Start of Data below

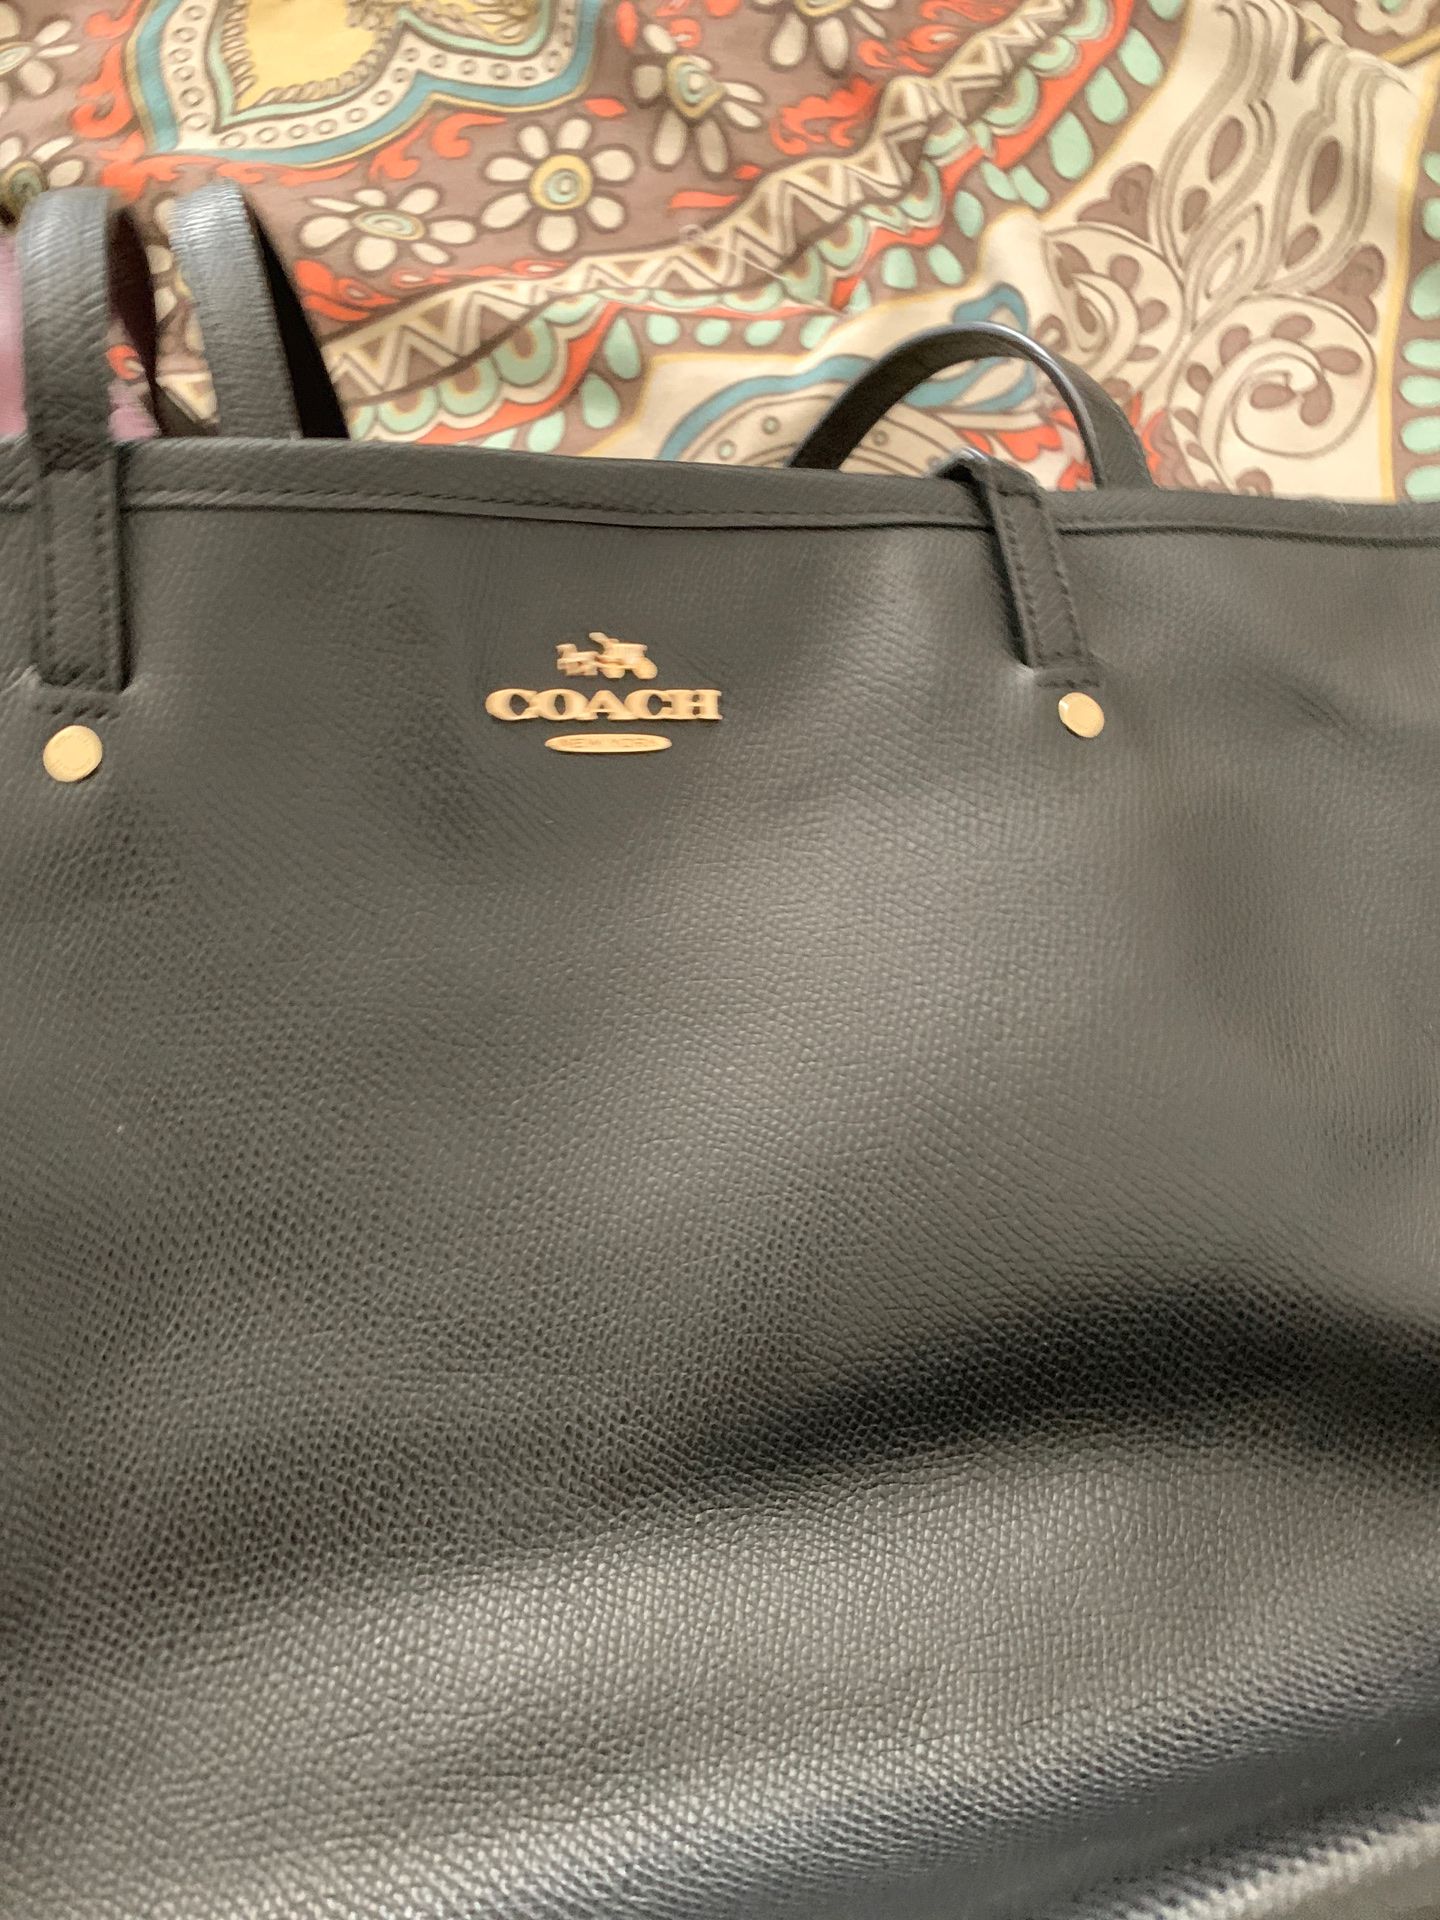 Coach purse brand new never used
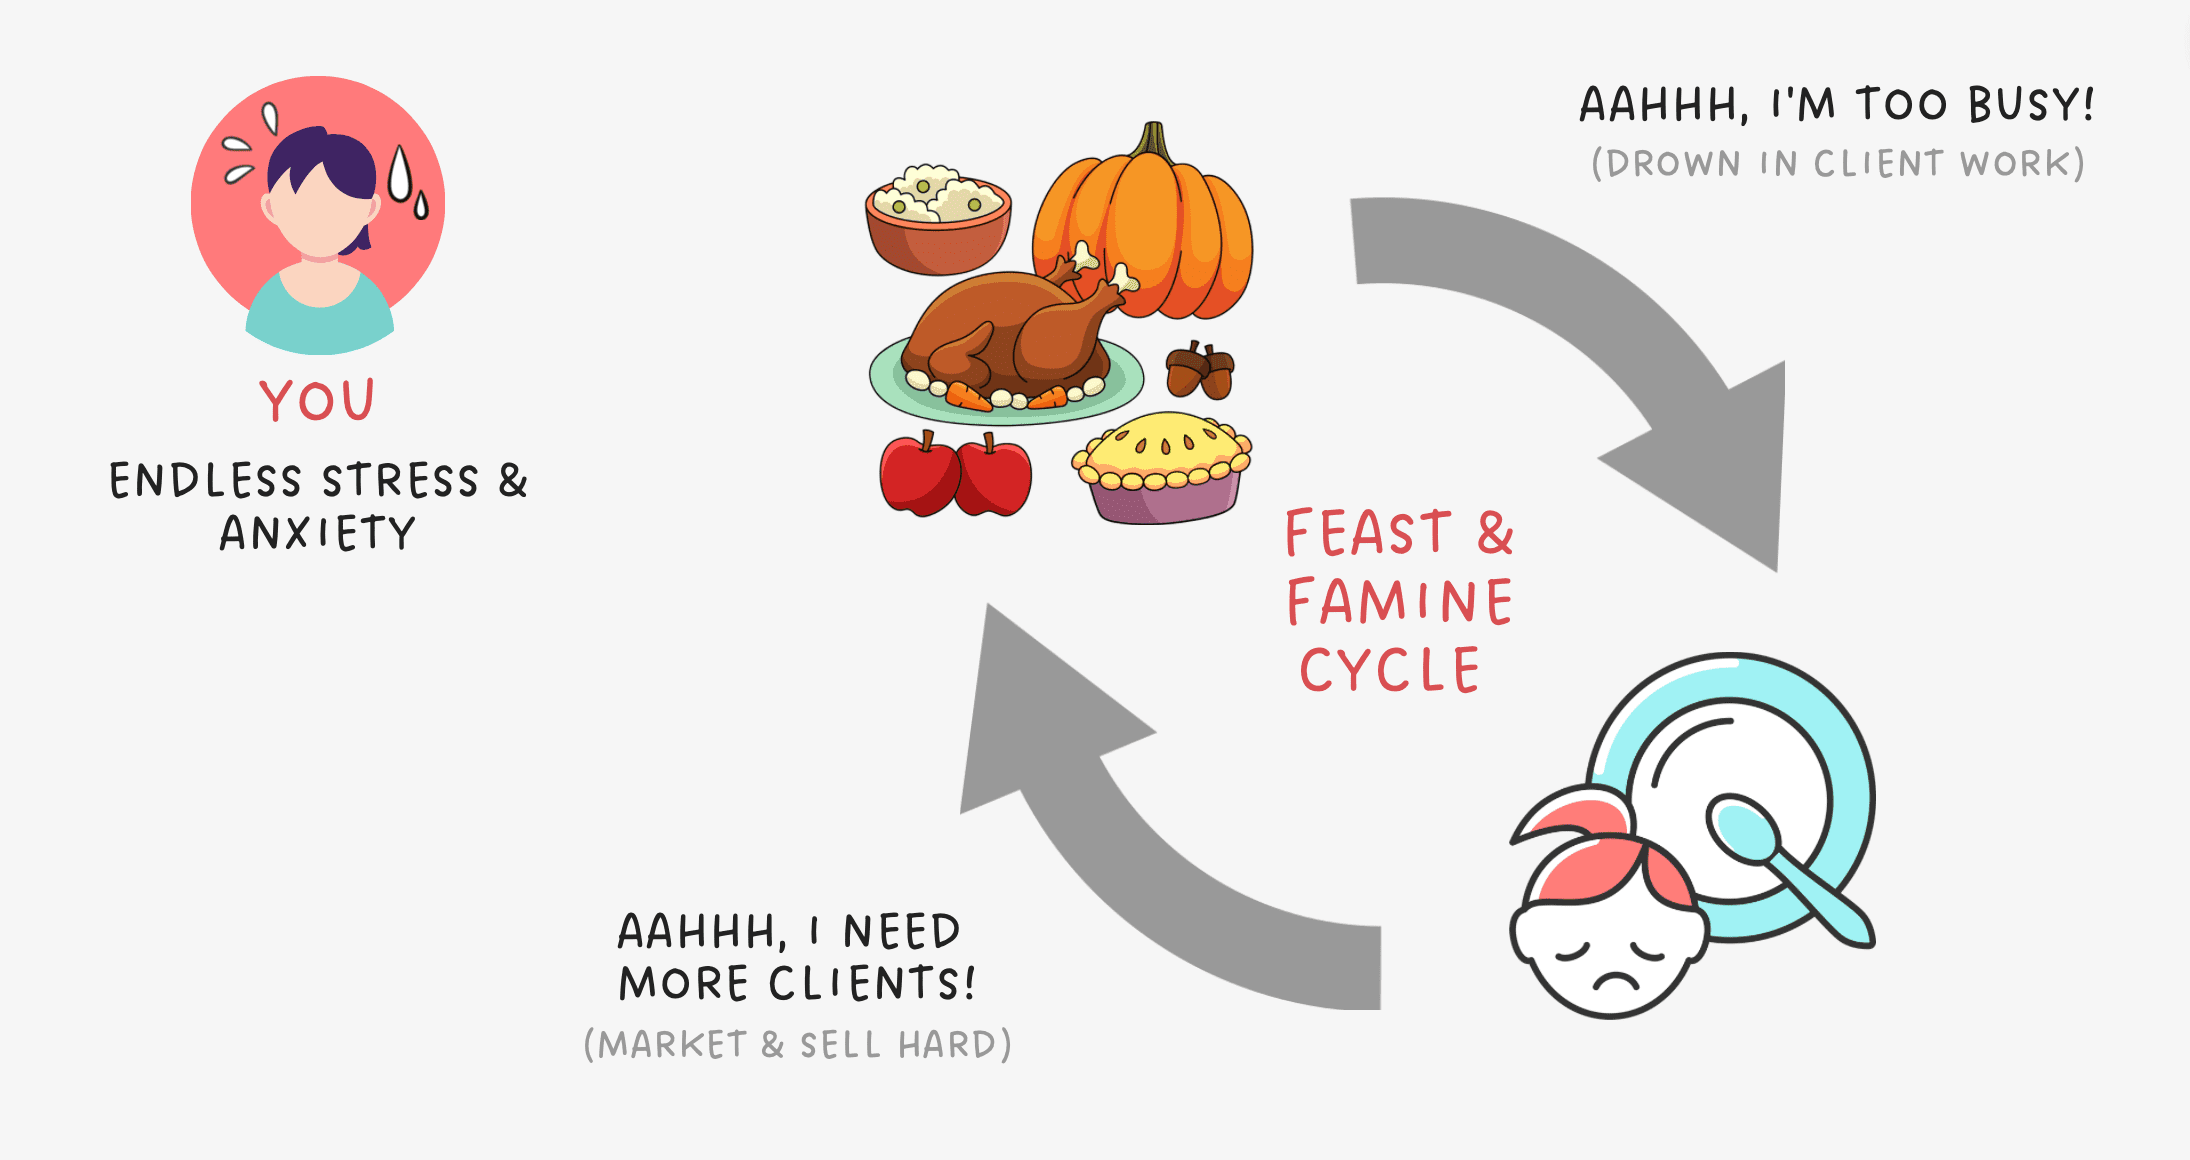 Level 1 - Feast & Famine Cycle
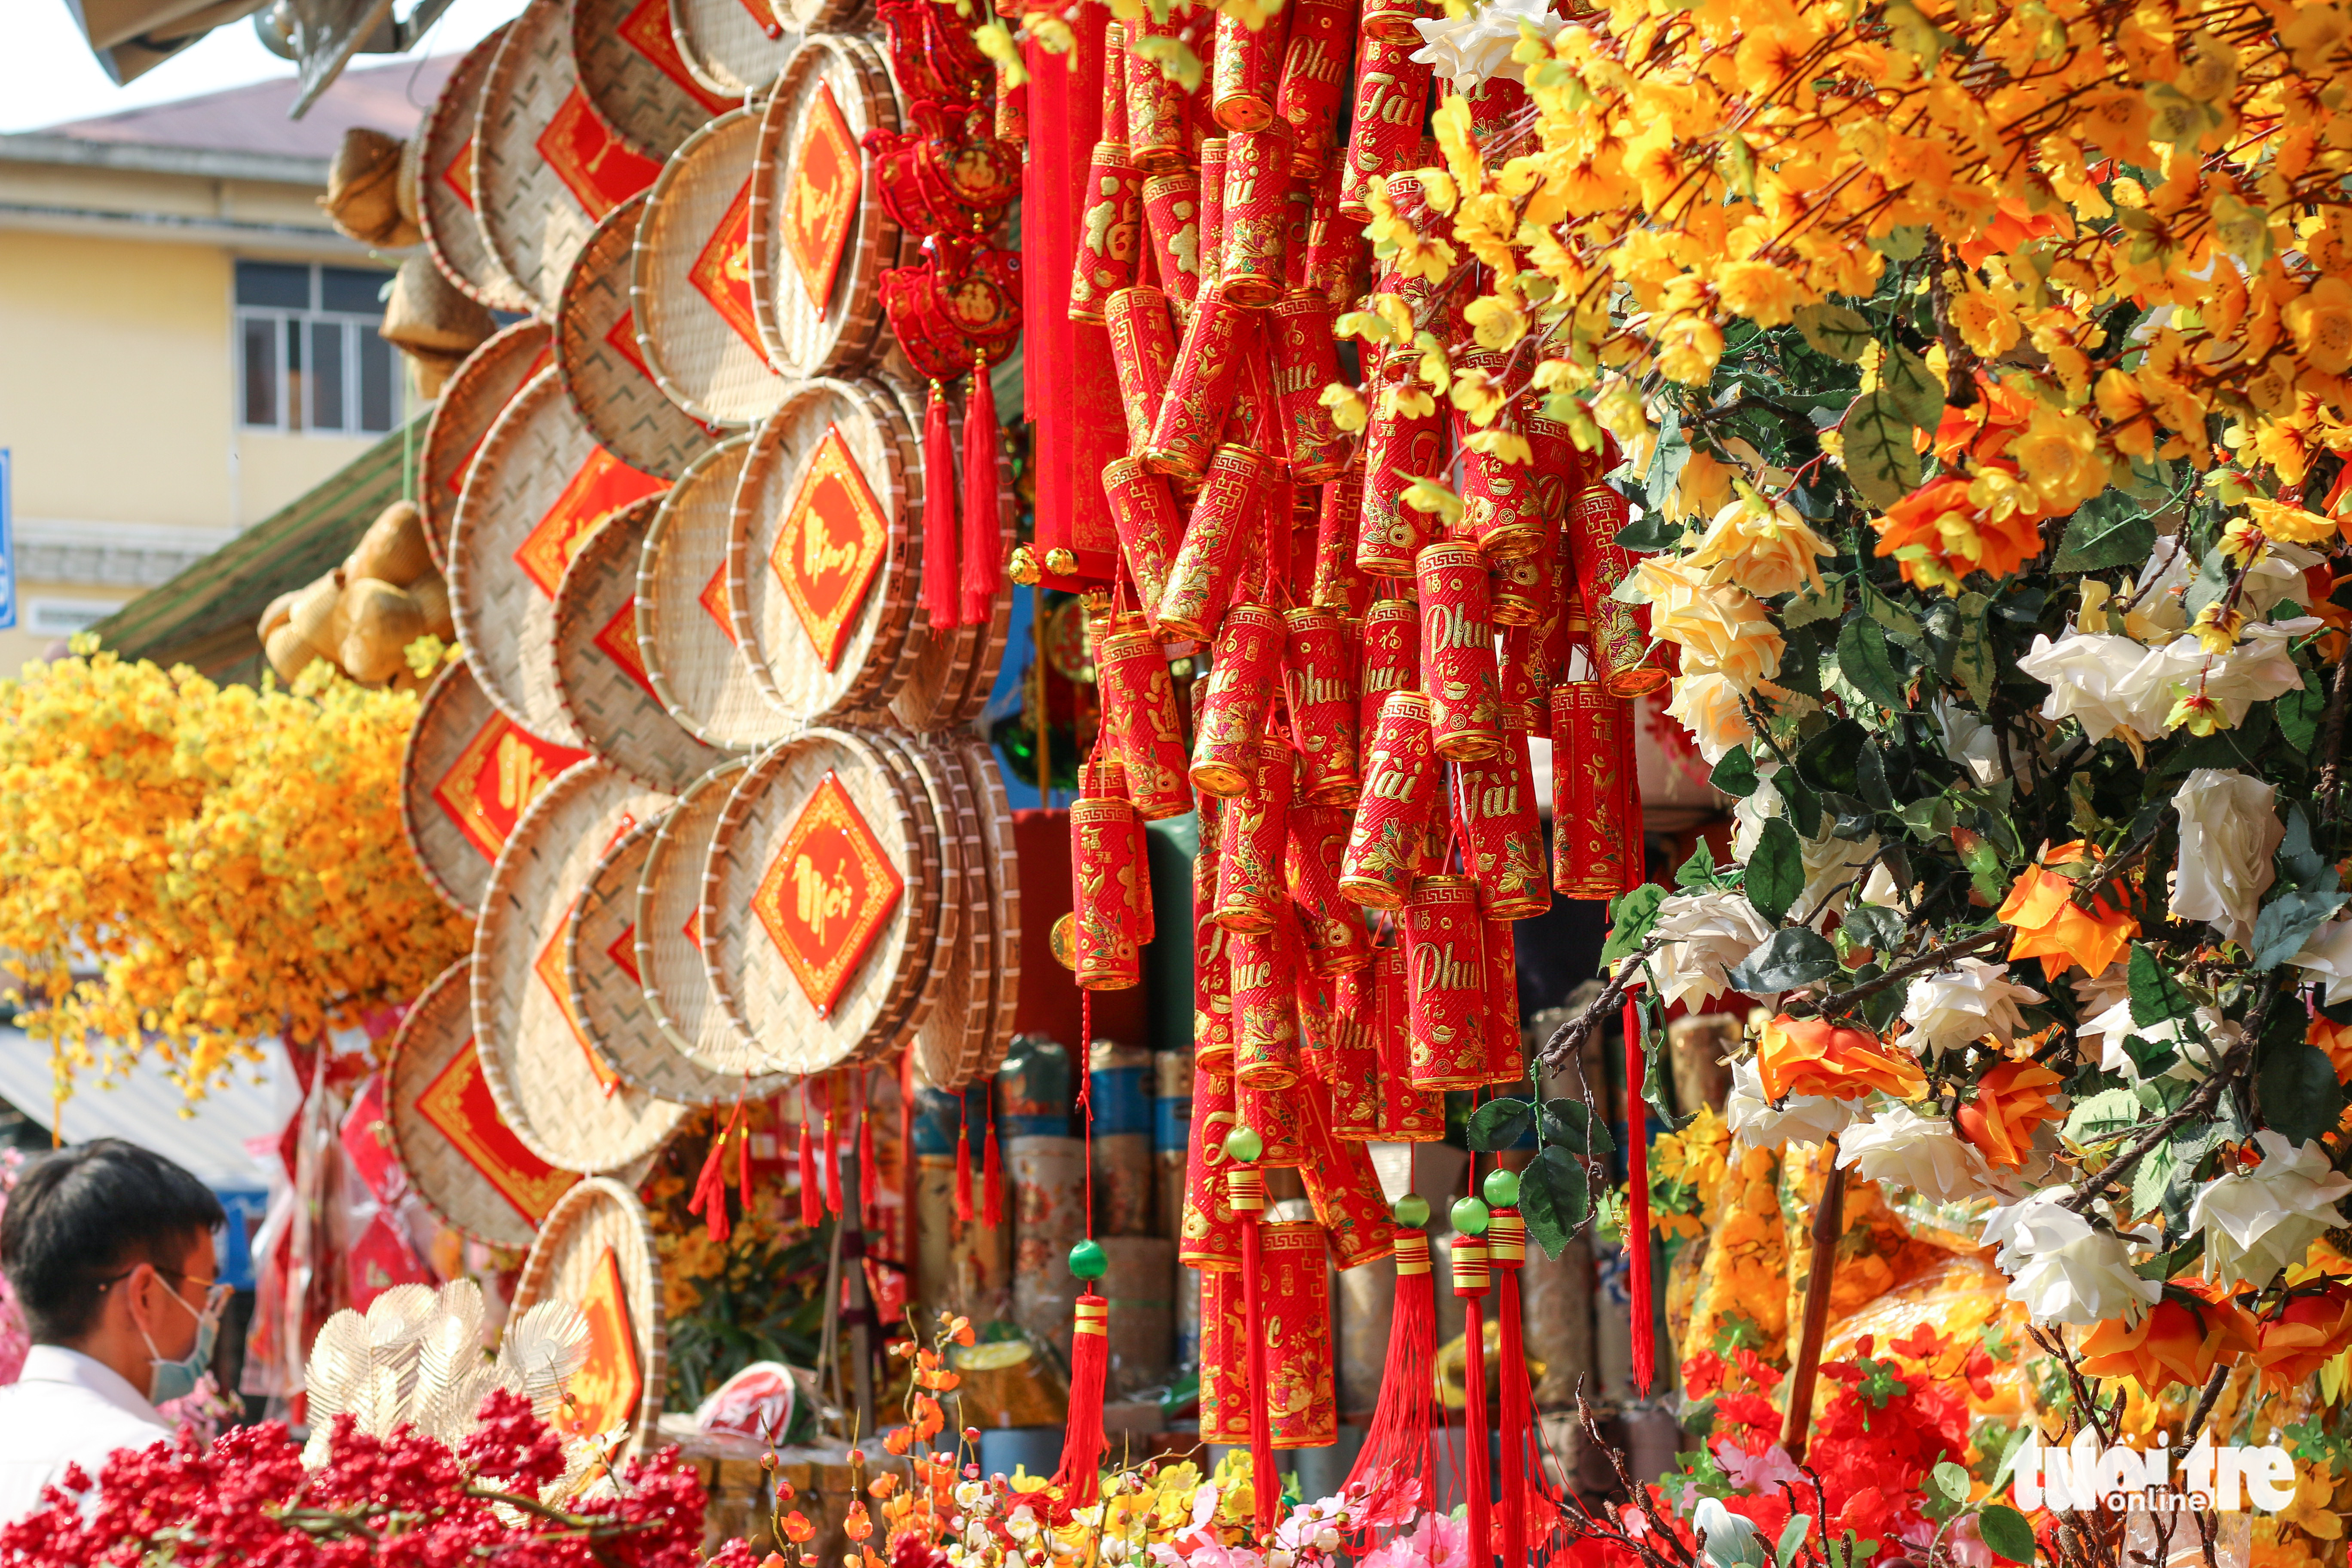 A shop sells red couplets, paper cannons, and artificial apricots and peach blossoms at ‘Tai loc’ Market on Hai Thuong Lan Ong Street in District 5, Ho Chi Minh City. Photo: Chau Tuan / Tuoi Tre

End of Data below

__Task requirements__:
In full and without error, repeat the listing above, omitting its images.

__Exercise output__:
 Coach purse brand new never used
 Level 1 - Feast & Famine Cycle
 A shop sells red couplets, paper cannons, and artificial apricots and peach blossoms at ‘Tai loc’ Market on Hai Thuong Lan Ong Street in District 5, Ho Chi Minh City. Photo: Chau Tuan / Tuoi Tre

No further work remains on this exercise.